For regulated use cases — finance, healthcare, legal — this is the difference between “the agent ran” and “the agent ran and we can prove its output was checked.”

How It Works Today

Two integration points, both available now:

As an OutputGuardrail (Claude Agent SDK)

python
from agents import Agent, Runner
from veroq_agentmesh import veroq_output_guardrail

agent = Agent(
    name="Financial Analyst",
    instructions="You analyze earnings reports.",
    output_guardrails=[veroq_output_guardrail],
)

# If the agent's output contains contradicted claims,
# OutputGuardrailTripwireTriggered is raised with full details
result = await Runner.run(agent, "Summarize NVIDIA's Q4 earnings")

pip install veroq-agentmesh — trips the guardrail if claims are contradicted or confidence drops below threshold. Fails open on API errors (won't block your agent if the verification service is down).

As a Custom Tool (Managed Agents)

python
agent = client.beta.agents.create(
    name="Verified Analyst",
    model="claude-sonnet-4-6",
    tools=[
        {"type": "agent_toolset_20260401"},
        {
            "type": "custom",
            "name": "verify_claims",
            "description": "Verify factual claims in text against "
                         "live evidence. Returns per-claim verdicts "
                         "with confidence scores and corrections.",
            "input_schema": {
                "type": "object",
                "properties": {
                    "text": {
                        "type": "string",
                        "description": "The text containing claims"
                    }
                },
                "required": ["text"]
            }
        }
    ]
)

Or connect the MCP server directly — 78 tools including verification, market data, SEC filings, and more:

bash
npx veroq-mcp

What This Changes

The Managed Agents architecture makes it trivial to add verification to any agent pipeline.
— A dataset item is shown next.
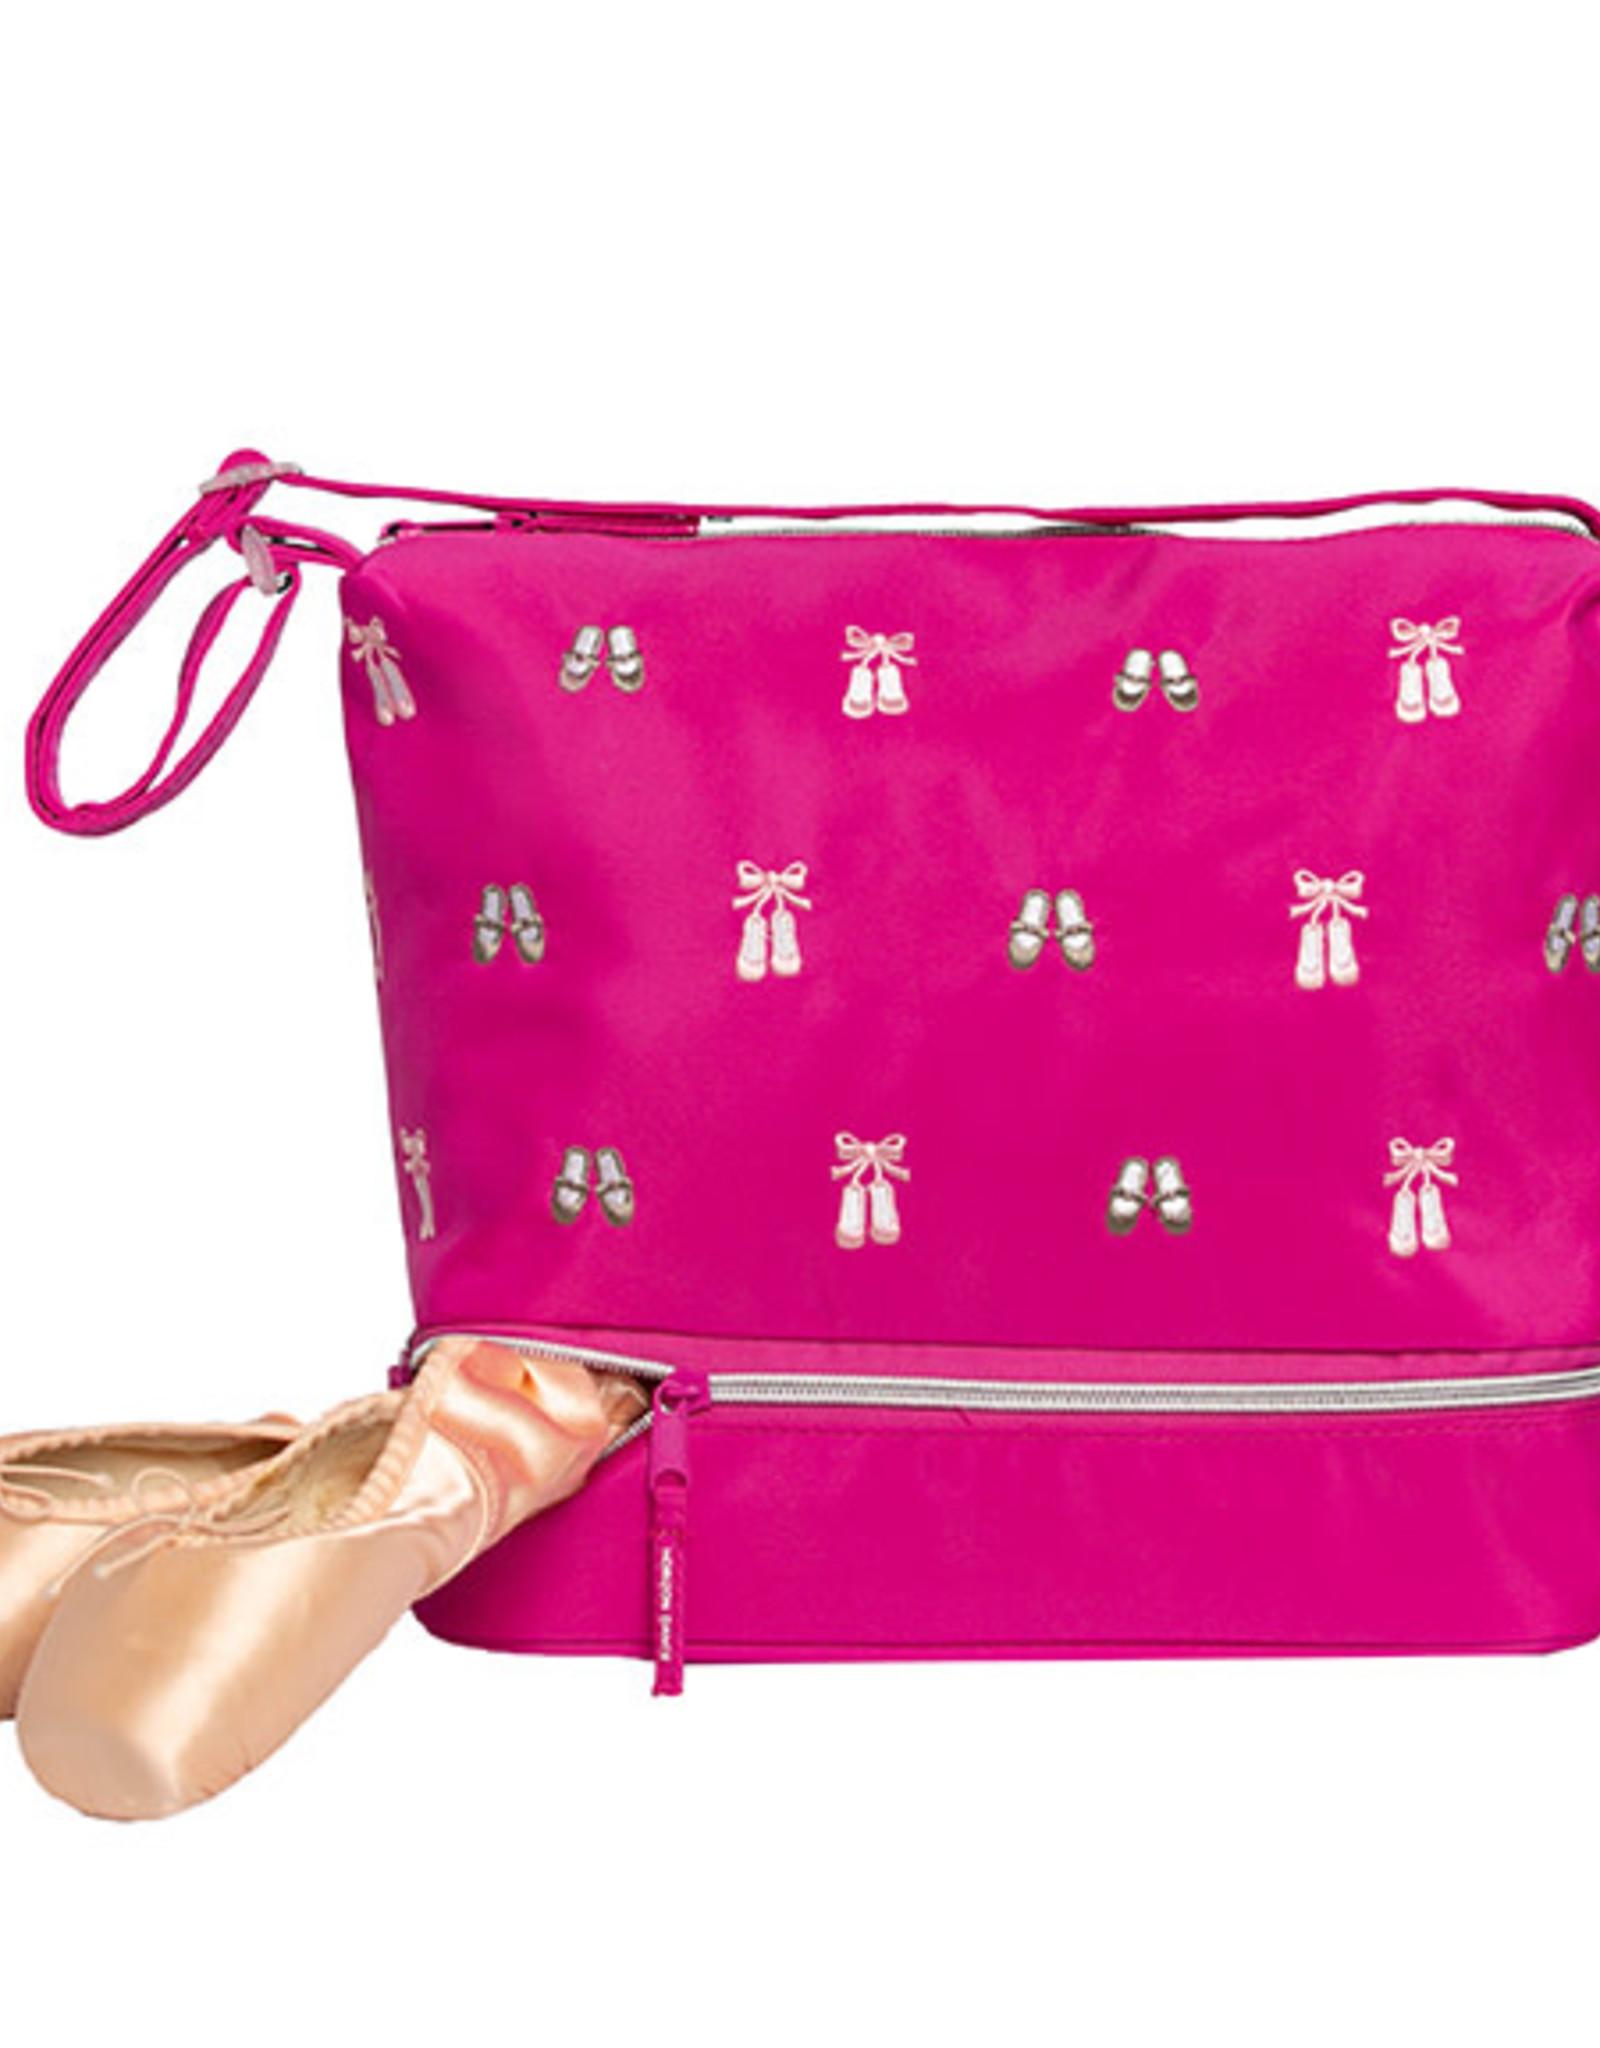 Horizon 5604- Daisy Gear Tote- pink

The hard work — decoupling tools from the brain, making everything stateless, building the durable session log — is already done.

The missing piece is small: one more hand that checks whether what the agent said is actually true. The interface is the same. The session log captures it for free. The only question is whether you care enough about accuracy to add the call.

For agents that research, analyze, recommend, or decide — you probably should.